The 500,000 square foot center isn't slated to open until 2013, but controversy is already brewing over its name. At least one other member of the Republican-led board has expressed for naming the building after Helms, but not everyone is in agreement.
"While some people may consider him to be controversial. I consider him to be a great leader in North Carolina," Republican Wake County commissioner Tony Gurley said.
Helms died in 2008 and was a conservative known for his opposition to Civil Rights, big government, and abortion.
Helms' nephew, Paul Coble, is the chair of the Wake County Board of Commissioners, and supports the naming.
"Any opportunity to honor a man who served in the Senate for thirty years and had the kind of influence, not only in the state, but in the nation and world, would be a great opportunity to honor him," Coble said.
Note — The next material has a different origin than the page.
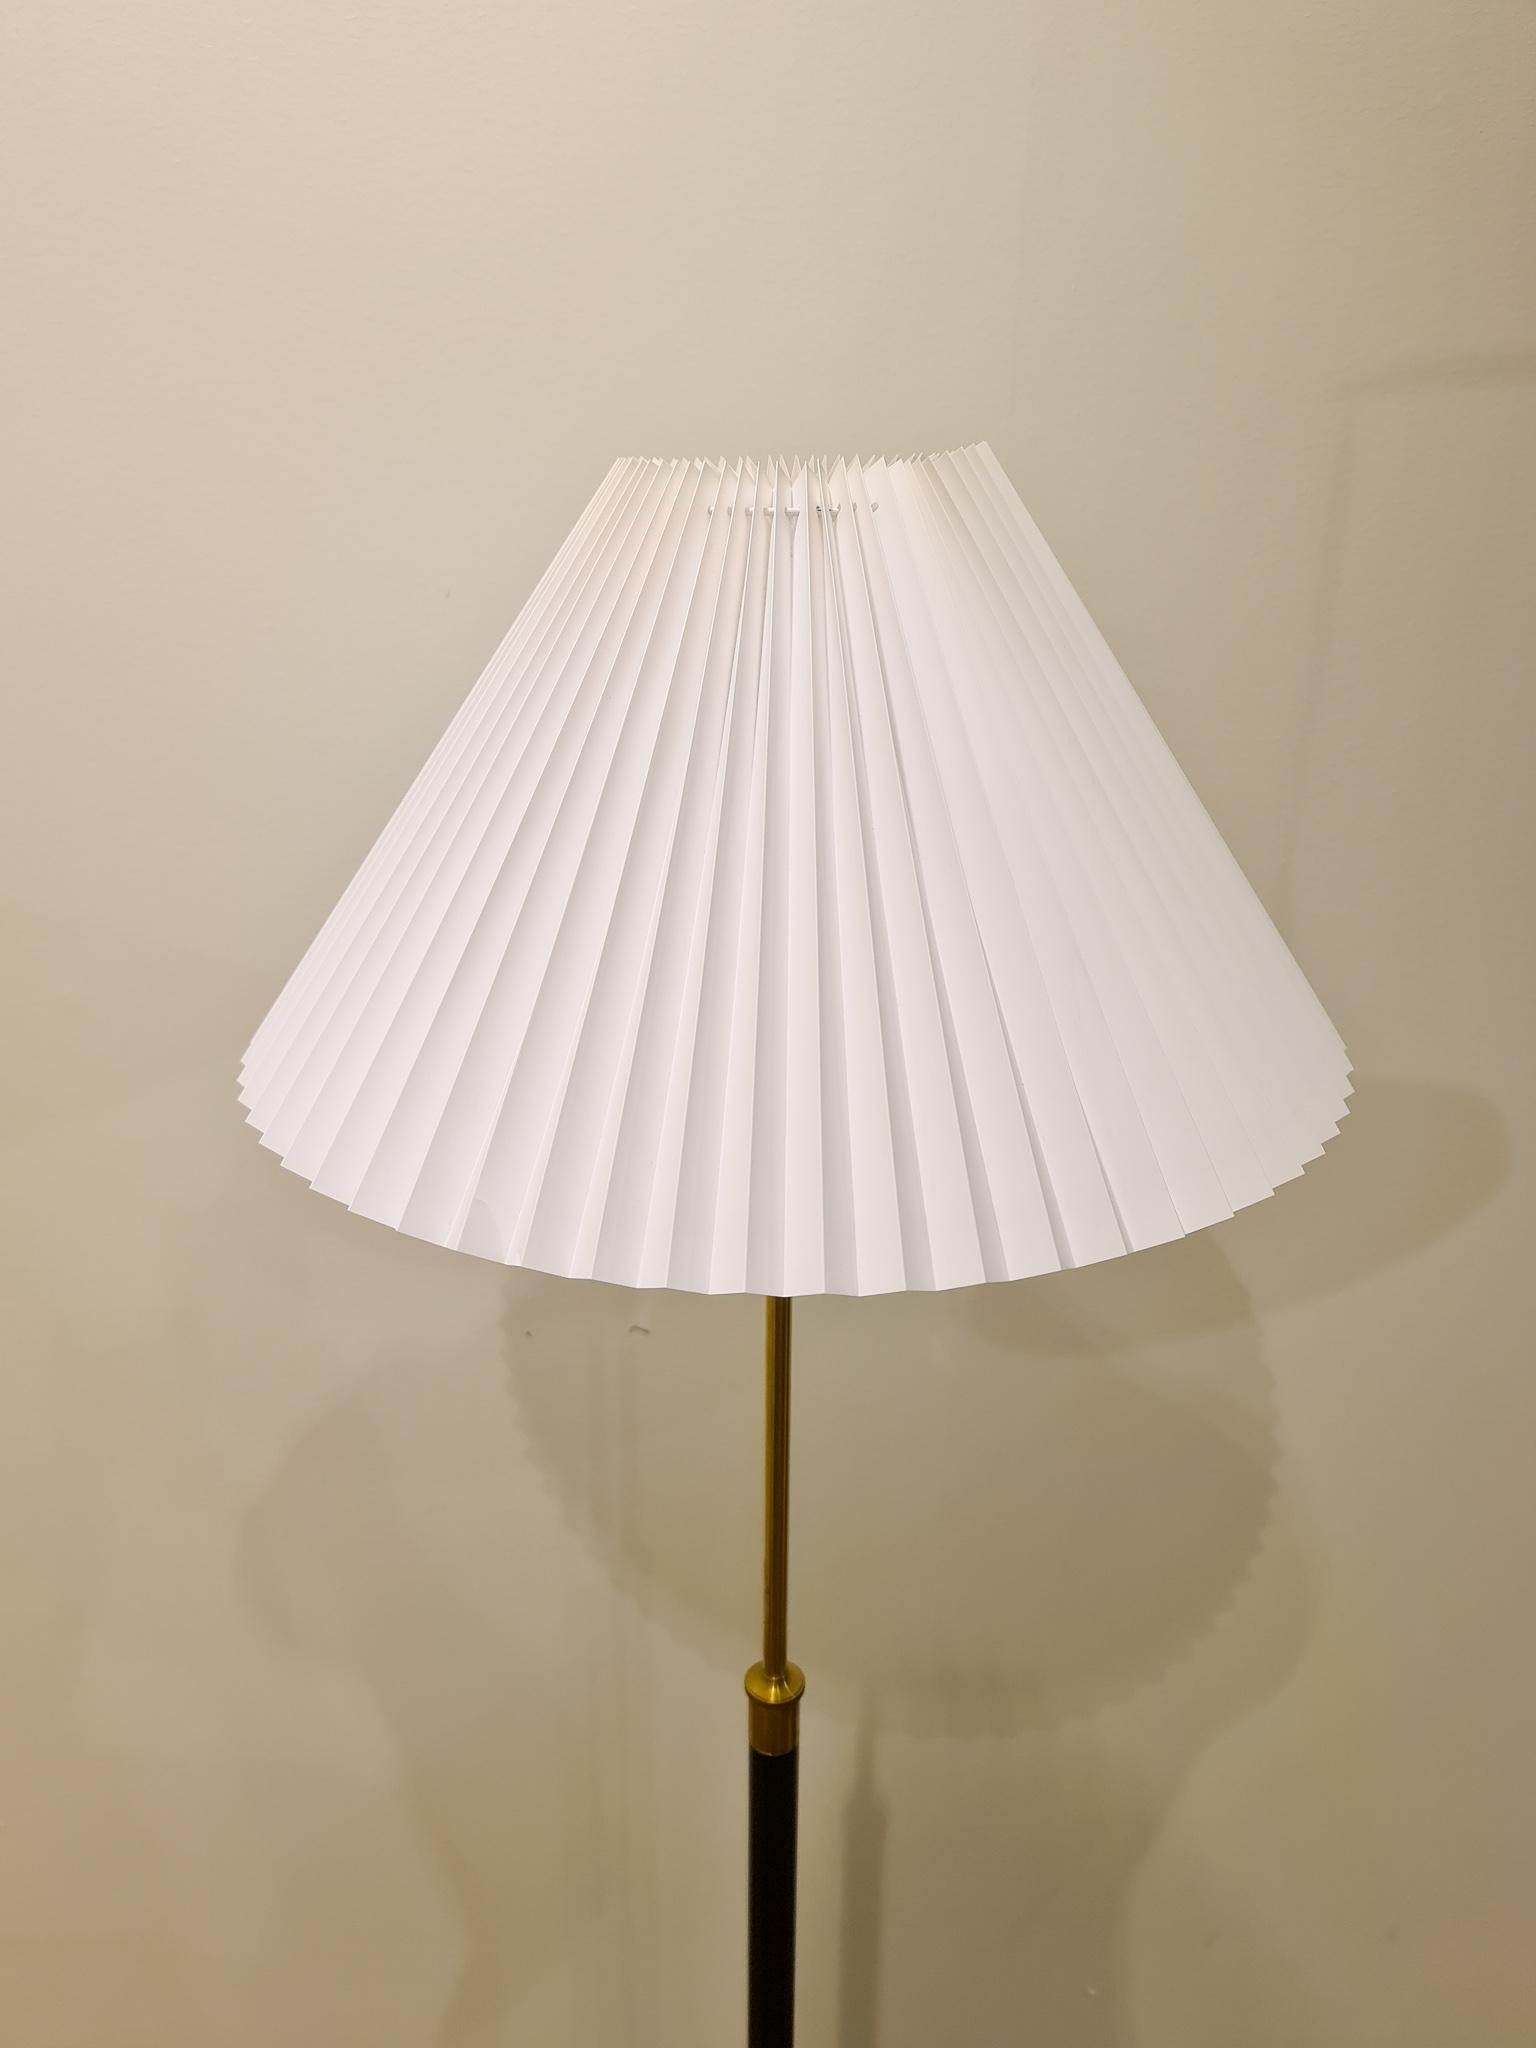 Brass Danish Midcentury Le Klint Floor Lamp No 351 Designed by Aage Petersen, Denmark

"There are some folks who feel that Senator Helms has done that and deserves this kind of recognition. And I'm sure there are some folks who feel the other way," Democratic Wake County commissioner Ervin Portman said.
Raleigh resident Marshall Harvey is one of those people.
"They borderline on being a racist. I think that the African-American population would feel that way. That there are other folks that would be more appropriate to be named after," Harvey said.
It is unclear when the debate will likely heat up because so far, no solution has been presented to the board to name the building after Helms.